Building off the global warming debate, Barendregt’s talk discussed climate change in a historical perspective, maintaining that the current debate over carbon footprints and greenhouse gases must also recognize the historically natural cycles of climate change that have occurred over the last five million years.

“We live in a very dynamic environment on this planet and we should expect change,” says Barendregt. “Sea level will not stay where it is today and if you’re going to build your house one metre above sea level, at some point you may have to move that house. Change is inevitable but there’s no doubt that 7.5 billion people leave a huge footprint and that is added to the natural cycle of climate. It’s important for us to understand the cycling of climate because whatever we contribute, adds to that natural cycle.”

Barendregt grew up on the family farm northeast of Picture Butte. As a Grade 12 student he toured a fledgling U of L campus located on the grounds of Lethbridge College. The next year, he enrolled and began what was initially an interest in becoming a social studies teacher. His interest in both history and geography eventually led to a switch in majors and his career path was established.

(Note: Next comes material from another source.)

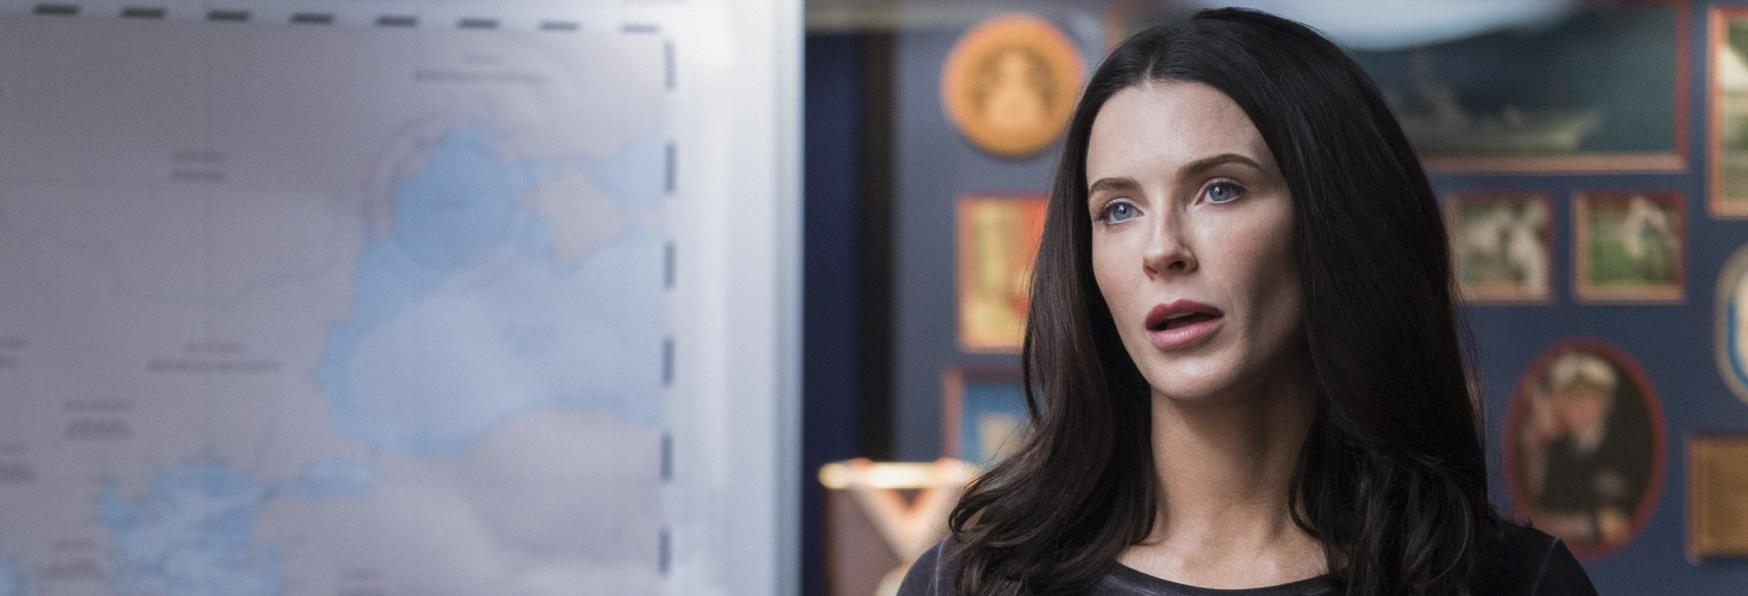 Batwoman 3: Bridget Regan sarà Poison Ivy nella prossima Stagione

“My father said if I don’t go to school, I’m going to be on the shovel all my life, and it turns out I’ve been on the shovel and pick all my life – but as a geologist instead,” he says of his dad, a Dutch immigrant who, before emigrating to Canada, had farmed the same Patagonia region Barendregt now studies, back in the 1930s.

Following the U of L, Barendregt studied at the Technological University of Delft and then Queen’s University. He taught at San Francisco State University for five years until coming back to southern Alberta in 1982 when he was hired on at the U of L.

While Barendregt has worked in a variety of exotic locales, and met people such as Dian Fossey while conducting his studies, the plains of Alberta were not only his original inspiration, they continue to provide a rich resource for his research.

“We think of the Prairies as bald, flat and not interesting and when you drive from Winnipeg to Lethbridge you’ll come across a lot of glacial lake plain, but it’s when you dive down into the valleys, the badlands, the coulees and the slopes of the Sweetgrass hills, you realize what a fascinating history there is here,” he says.

Barendregt is eyeing retirement in the next couple years but it will likely mean only from the classroom. He still has a yen to travel and dig in the dirt throughout the world, unearthing the history it holds and lending a scientific voice to the climate change debate that continues to rage. He sees disturbing trends but is surprisingly not pessimistic.

“Humans are incredibly adaptable and they have been throughout earth history. They’ll have no choice but to adapt to different climates,” he says. “Sea ice cover is diminishing rapidly and maybe in our lifetime we could see summer sea ice as largely gone. We see these changes, they are real, but the big natural cycles set the stage and then we continue to add to it – and that’s not insignificant. The science is the best we can do to try and figure this out. I’ll be the first to admit that we have lots of things to learn about this wonderful planet.”